In Part II, “Analyzing Technical Debt”—Chapters 4, “Recognizing Technical Debt,” 5, “Technical Debt and the Source Code,” 6, “Technical Debt and Architecture,” and 7, “Technical Debt and Production”—we cover how to associate with a technical debt item some useful information that will help you reason about it, assess it, and make decisions. You will learn how to trace an item to its causes and its consequences. The causes of a technical debt item are the processes, decisions, action, lack of action, or events that trigger the existence of a technical debt item. The consequences of technical debt items are many: They affect the value of the system and the cost (past, present, and future), directly or through schedule delays or future loss of quality. These causes and consequences are not likely to be in the code; they surface in the processes and the environment of the project—for example, in the sales or the cost of support. Then we cover how to recognize technical debt and how technical debt manifests itself in source code, in the overall architecture of the system, and in the production infrastructure and delivery process. As you study technical debt more deeply, you’ll notice that it takes different forms, and your map of the technical debt territory will expand to include this variety in the technical debt landscape.

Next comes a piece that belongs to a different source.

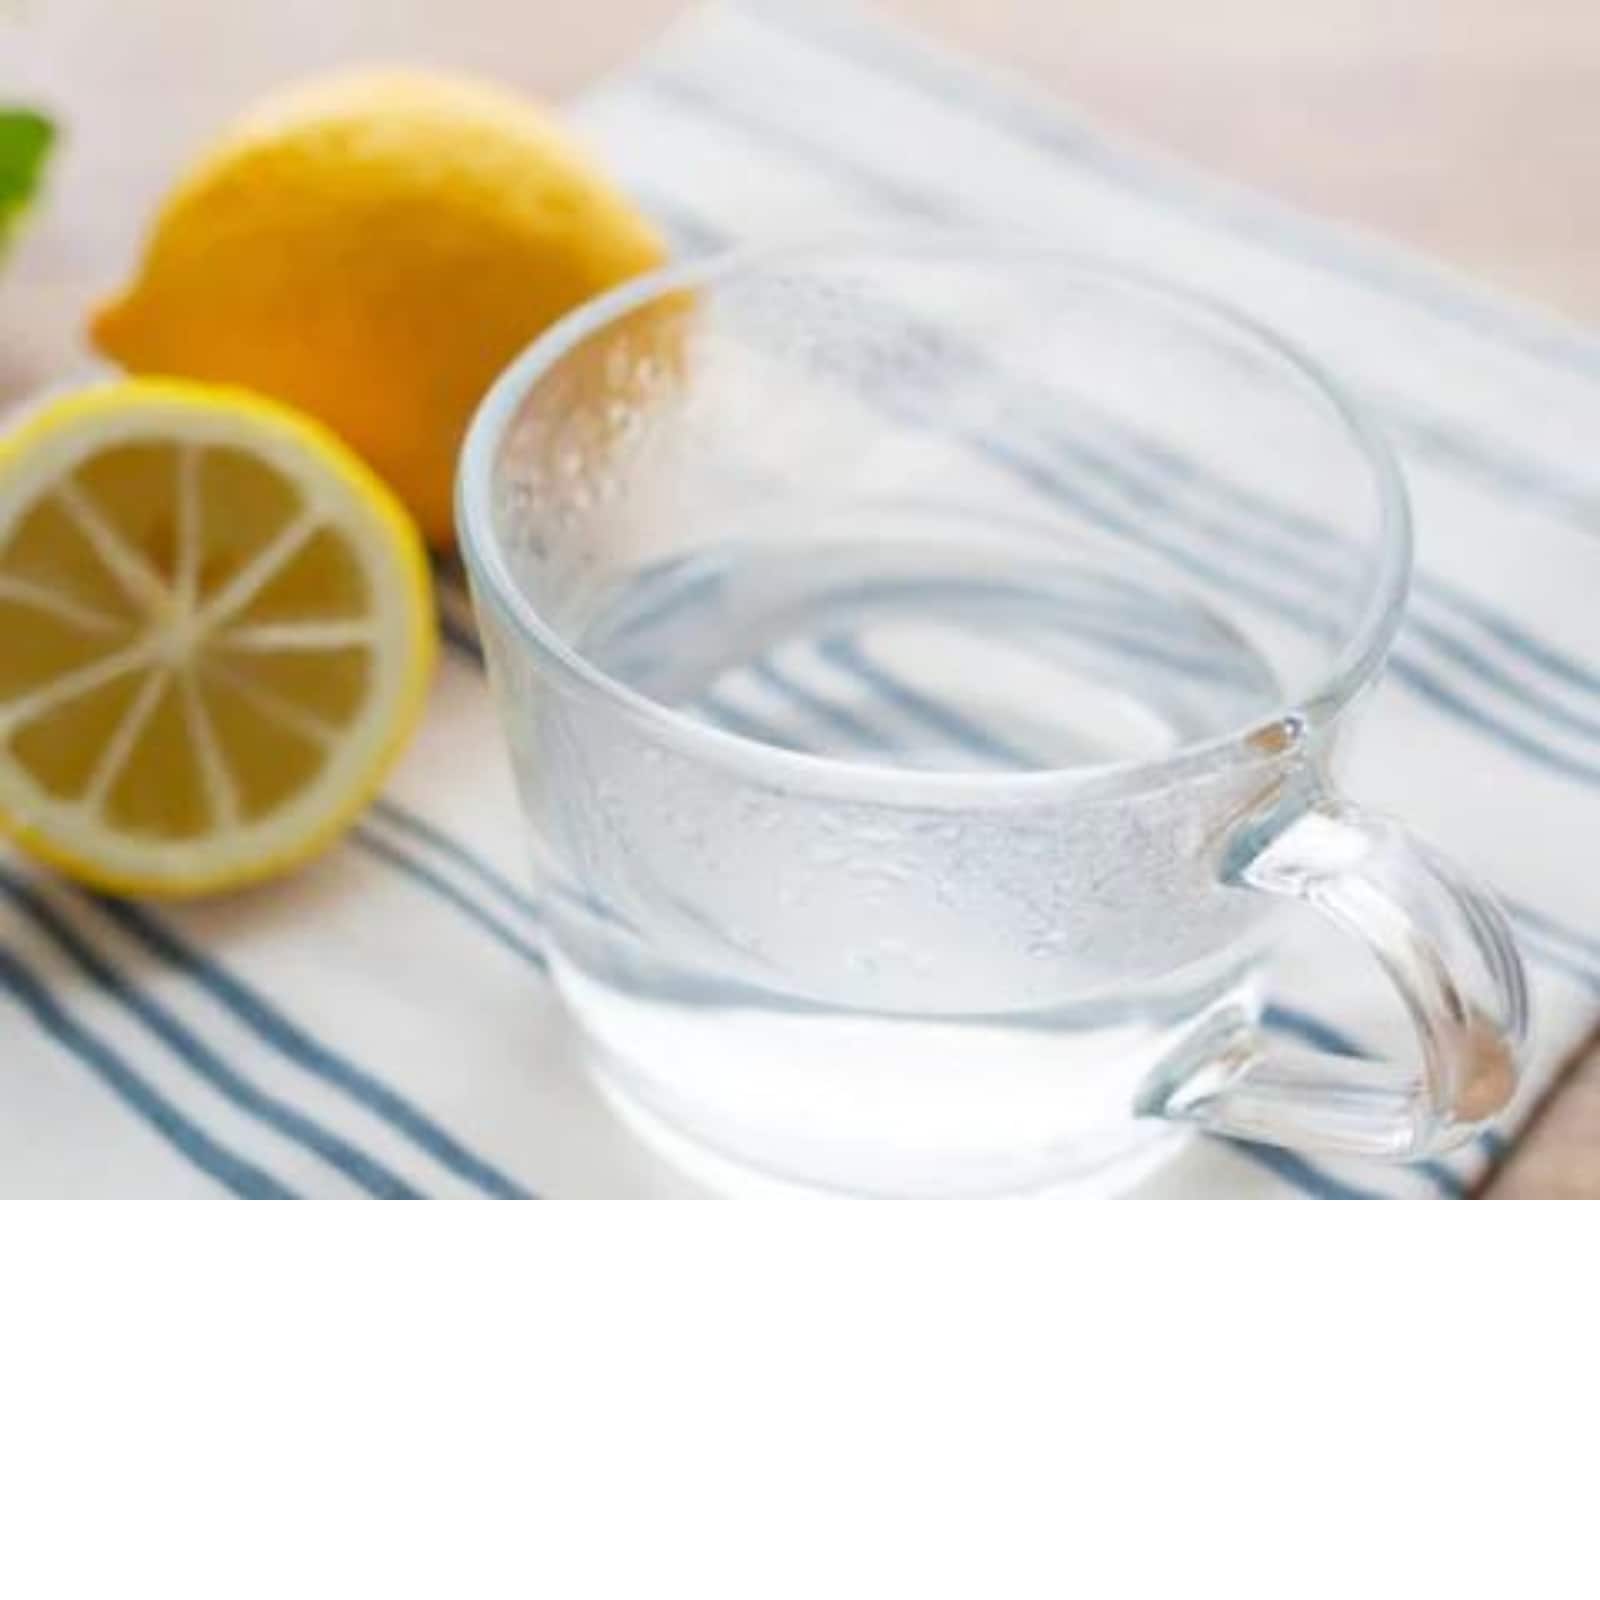 18 Benefits of Drinking Hot Water: How Can It Help Your Health?

In Part III, “Deciding What Technical Debt to Fix”—Chapters 8, “Costing the Technical Debt,” and 9, “Servicing the Technical Debt”—we cover how to estimate the cost of technical debt items and decide what to fix. Decision making about the evolution of the system in most cases is driven by economic considerations, such as return on investment (for example, how much should you invest in the effort of software development in a given direction, and for what benefits?). For the technical debt items, we will consider principal and interest and associate elements of cost to reveal information about the resources to spend on remediation and the resulting cost savings of reducing recurring interest. We then revisit the technical debt items in the registry collectively and use information about the technical debt timeline to help determine which technical debt items should be paid off or serviced in some other way to ease the burden of technical debt: eliminate it, reduce it, mitigate it, or avoid it. We show how to make these decisions about technical debt reduction in the context of a business case that considers risk liability and opportunity cost.

In Part IV, “Managing Technical Debt Tactically and Strategically”—Chapters 10, “What Causes Technical Debt?,” 11, “Technical Debt Credit Check,” 12, “Avoiding Unintentional Debt,” and 13, “Living with Your Technical Debt”—we provide guidance on how to manage technical debt. A key aspect of a successful technical debt management strategy is to recognize the causes in order to prevent future occurrences of technical debt items. Causes can be many, and they can be related to the business, the development process, how the team is organized, or the context of the project, to list a few. We present the Technical Debt Credit Check, which will help identify root causes of technical debt that show the need for software engineering practices that any team should incorporate into its software development activities to minimize the introduction of unintentional technical debt. The principles and practices you will have learned along the way make up a technical debt toolbox to assist you in managing technical debt.

At the end of each chapter, we recommend activities that you can do today and further reading related to the concepts, techniques, and ideas we discuss.